Form follows function. This is the principle that the design or shape of something – whether made by humans or in nature – should serve a purpose.
Honey bees’ function is to pollinate plants, make honey, survive and reproduce. Along with other pollinators – birds, moths, butterflies, bats and many more – they are the unsung forces behind much of what people eat, drink and even wear. Animal pollinators are said to contribute to the production of 87 global crops in 200 countries, including 30% of the world’s food crops. Their labours have been valued at around 153 billion euros.
But in one review paper, researchers suggest that at current rates of decline, the world will lose some 40% of its insect species, including bees, over the next few decades. Among the causes are widespread use of pesticides and habitat loss.
Bee colonies are collapsing around the world. In Europe, a 2012-2014 survey, the first of its kind, by the European Commission estimated that some countries were losing as many as a third of their colonies every year.
The threats to their survival make it urgent to understand the relationship between form and function in honey bees, particularly the sperm of the male bees (drones) – the “flying genitalia” of the bee world, as one researcher described them. That’s because of the way bees mate and reproduce.
Researchers around the world are applying the latest technologies to this project. One technique is computer-aided sperm analysis. This assesses sperm function (its vitality and movement) and its structural parameters. At the comparative spermatology group at the University of the Western Cape in South Africa, we have a particular interest in the structure and movement of insect sperm. We’ve now pioneered the use of fluorescent microscopy in combination with computer-aided sperm analysis for what we believe are superior results.
In addition to motility and velocity, our in-depth analyses provide data on, among other things, the swimming patterns of honey bee sperm. This fluorescent method shows promise and can, we argue, provide baseline data for future studies evaluating honey bee sperm quality.
This matters as we seek to secure the survival of honey bee colonies.
Choosy queen bees
For now, South Africa and African honey bees appear to have been spared the colony losses seen in some parts of the world. This is thanks to the continuing use of traditional beekeeping practices, according to a 2012 report by the United Nations’ Food and Agricultural Organisation.

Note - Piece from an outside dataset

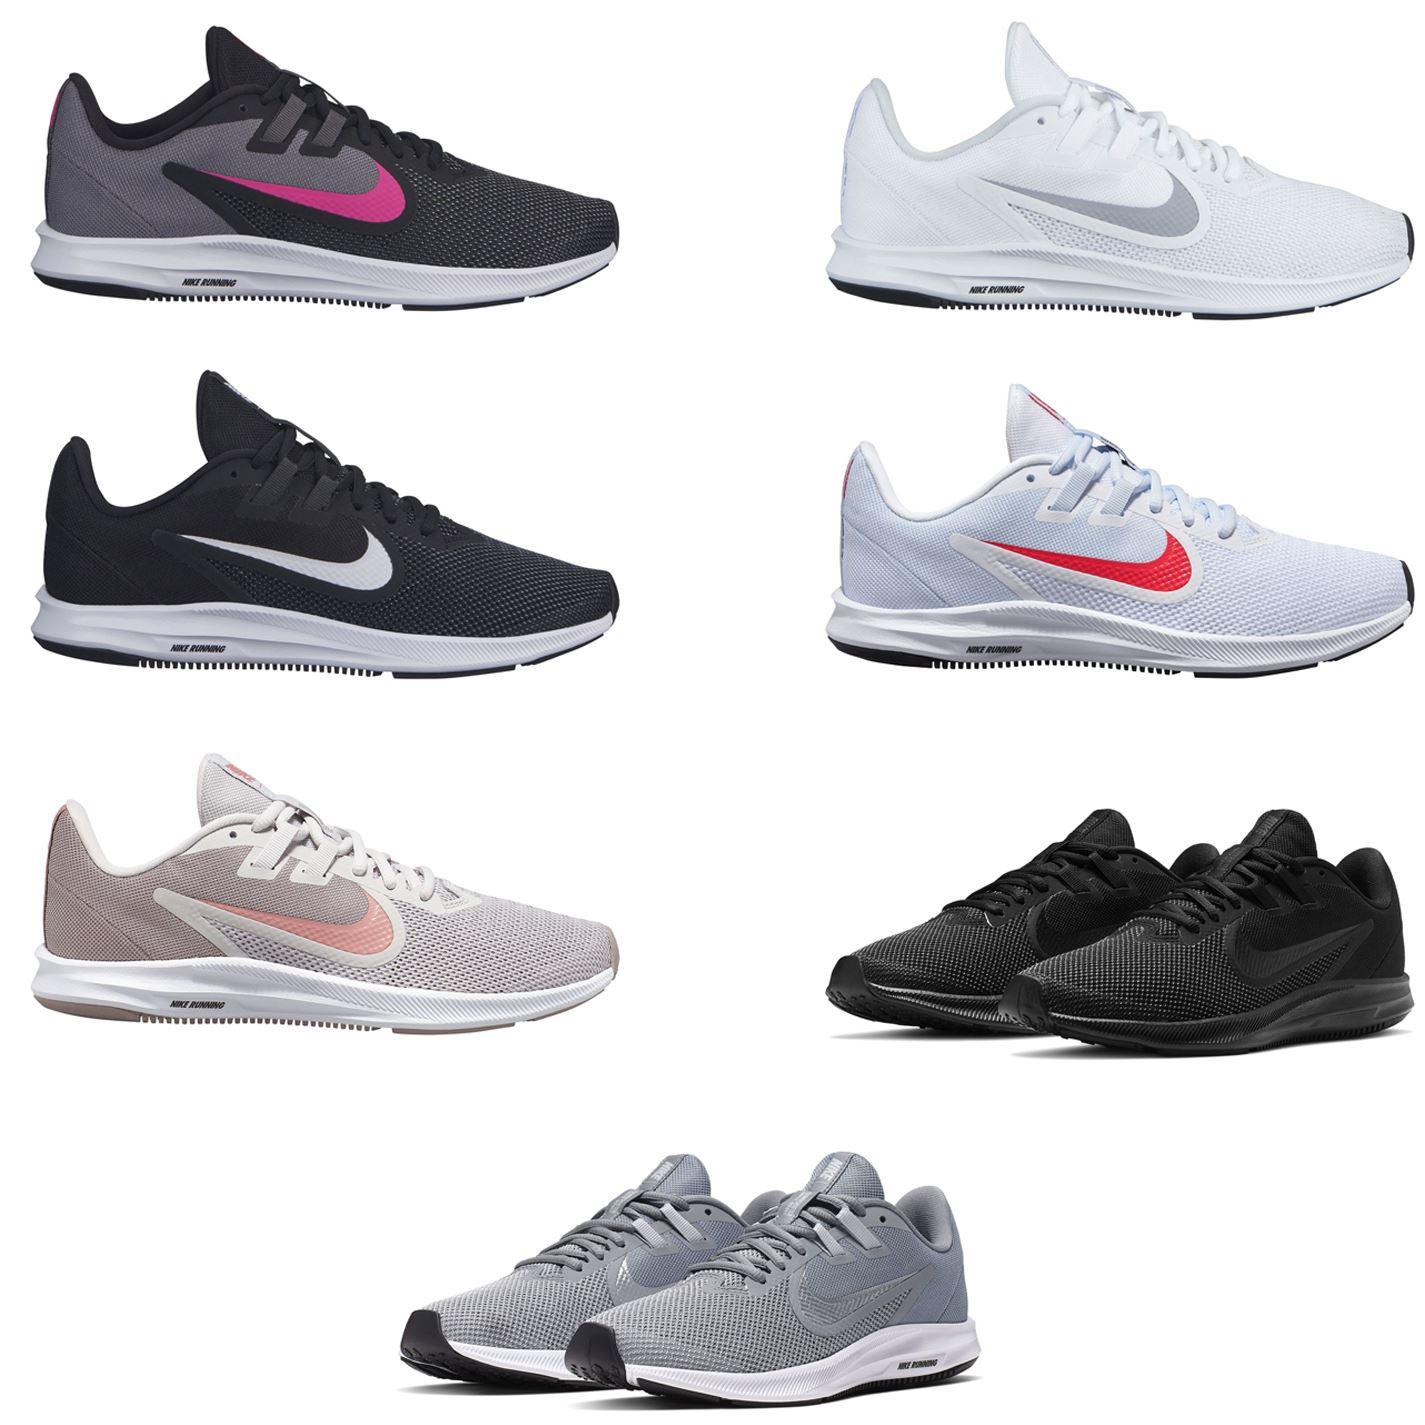 Mansedumbre Armario Sonrisa  Nike Downshifter 9 Zapatillas Mujer Zapatos Mujer Correr Zapatillas Calzado  | eBay

But the threat, as evidenced by the situation in Europe, can’t be ignored.
There is some urgency to understanding the sperm quality of the honey bee drones because of how long it has to last. Bee queens have limited mating flights. They fly to what’s known as a drone congregation area and mate with multiple drones before heading back to the colony. The queen can store some six million sperm in a specialised sac, the spermatheca, for as long as seven years. Any one queen bee can potentially have around 1.7 million offspring.

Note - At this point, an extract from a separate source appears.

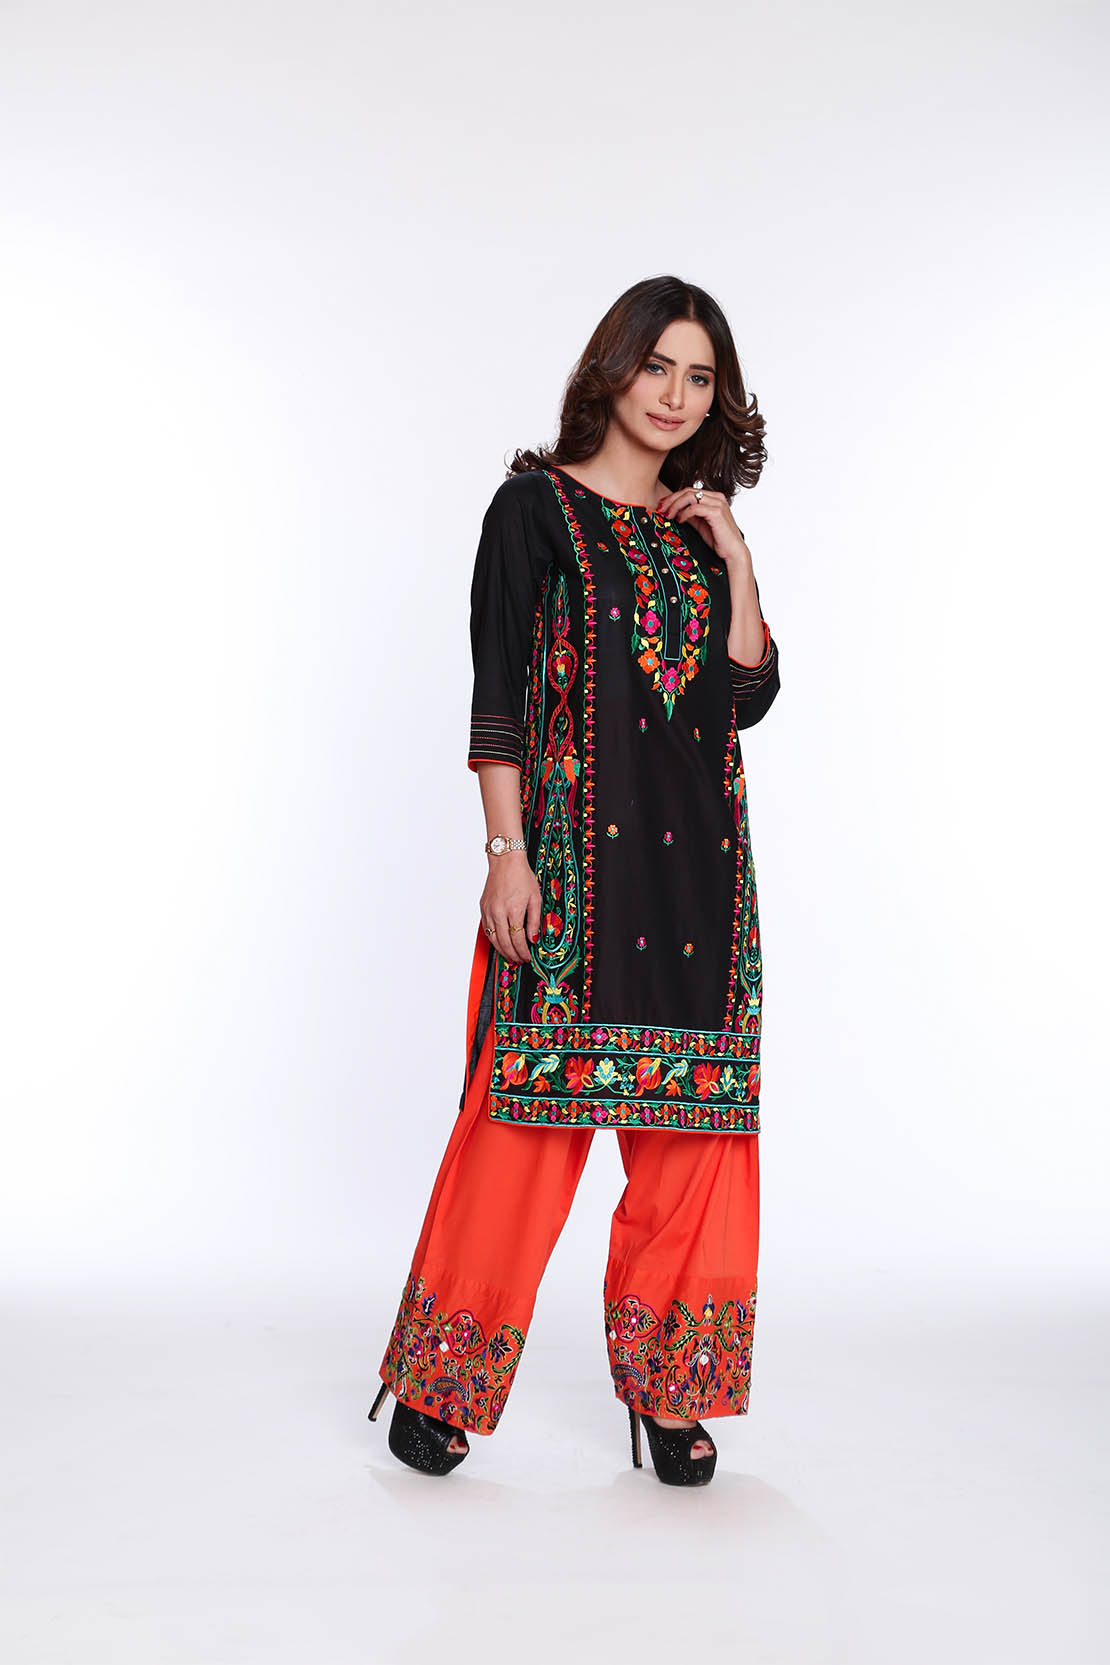 Rang Ja Trendy Eid Colorful Kurti Dresses 2017-2018 Collection

So, she needs the best and most resilient sperm she can get. And she will be choosy, shedding some sperm and keeping only what she likes. It’s not known how the queen decides which sperm is chosen or shed.

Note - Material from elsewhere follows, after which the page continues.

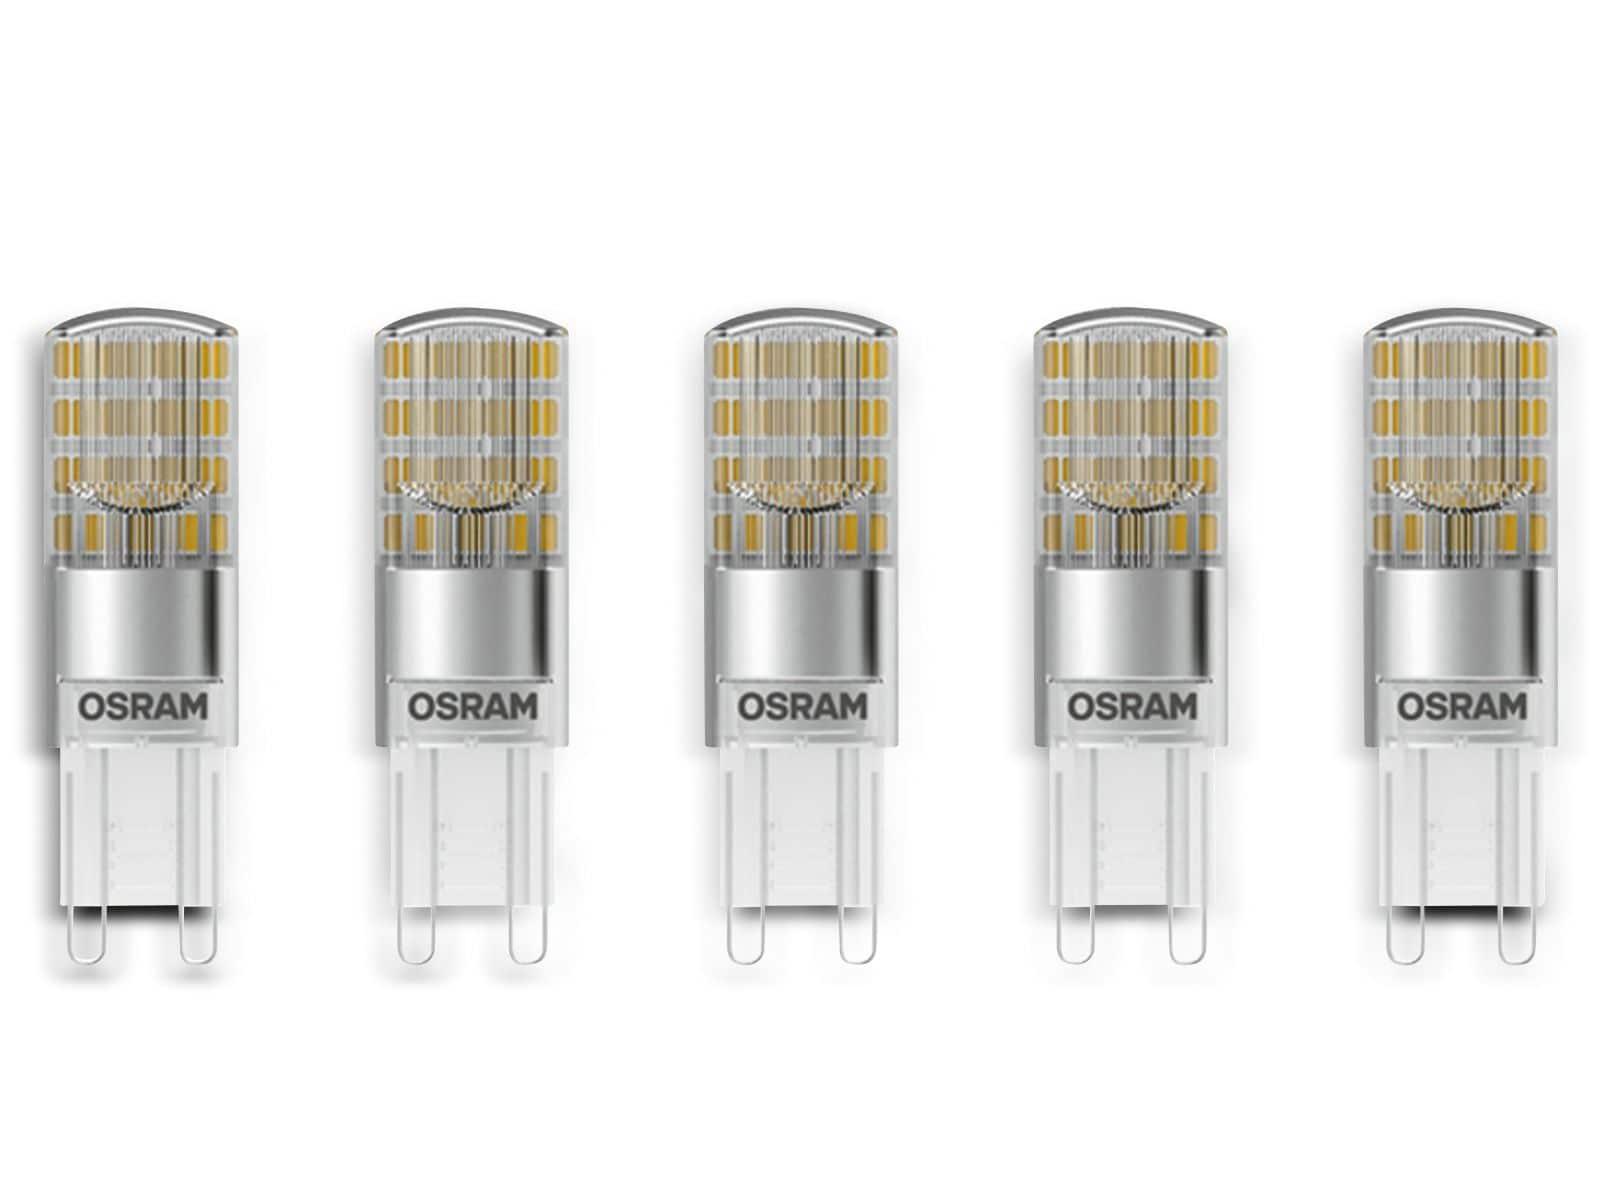 Led lampe osram star g9 eek: a 2 6 w 320 lm 2700 k 5 stück

This is where form and function meet. Honey bee sperm has a very long tail, about 225 micrometres (µm) in length. It dwarfs the tails of the sperm of larger vertebrates, which are typically in the 40-75 µm range.
Why these long tails? Do they aid motility – how strongly and how fast the sperm moves? Are they relevant to the sperm’s longevity in the queen’s sperm sac? Do they determine which sperm the queen decides to hold on to and which to shed?
To answer these questions, we need the right technology.
Technology sheds light
Honey bee sperm are devilishly difficult to study, even with powerful microscopes and tried-and-tested techniques such as phase-contrast microscopy, a technique that allows more contrast in a viewed sample. This has much to do with the sperm’s form and structure. The tails are often tightly coiled in a helix, making it hard to tell which is the tail and which the head of the sperm. Both have about the same width.
Other studies of sperm motility and kinematic parameters – broadly, the direction and range of movement – have tried to work around these blind spots, but at the expense of thorough analysis.
In our first published paper about this work, we explain how we have improved on other sperm analysis systems by using fluorescence. This has also been done successfully in studies of human sperm. Only sperm heads fluoresce – glow brightly – so it is much simpler to distinguish head from tail.
This has allowed us to glean useful insights into sperm concentration among drones. We’ve also been able to confirm the three swimming patterns of sperm: moving in single helices (wound-up), progressively forward snake-like swimmers, and what we describe as groups of helical swimming sperm (as compared to the individual helical swimmers).
Sperm quality has also been put forward as a cause of colony collapse. This sort of research broadens our understanding of sperm quality’s importance for colony health and performance. Researchers elsewhere have suggested that drone quality (which we believe includes sperm quality) and variability in a colony or apiary can be a useful indicator of queen and colony health. It can therefore also be used to identify the effect of, for example, environmental stressors.
Assessing sperm quality as part of drone quality will allow for early detection of such stressors. That will allow for preventive management strategies to avoid colony deterioration.
We still have much to learn about honey bee sperm and colony collapses. But if it means we can aid beekeepers to track colony health, for instance, perhaps we can help to secure the future of this critical pollinator.
The research on which this article is based was co-authored by Master’s student Janice Murray. Mike Allsopp of the Agricultural Research Council helped to collect data in the field.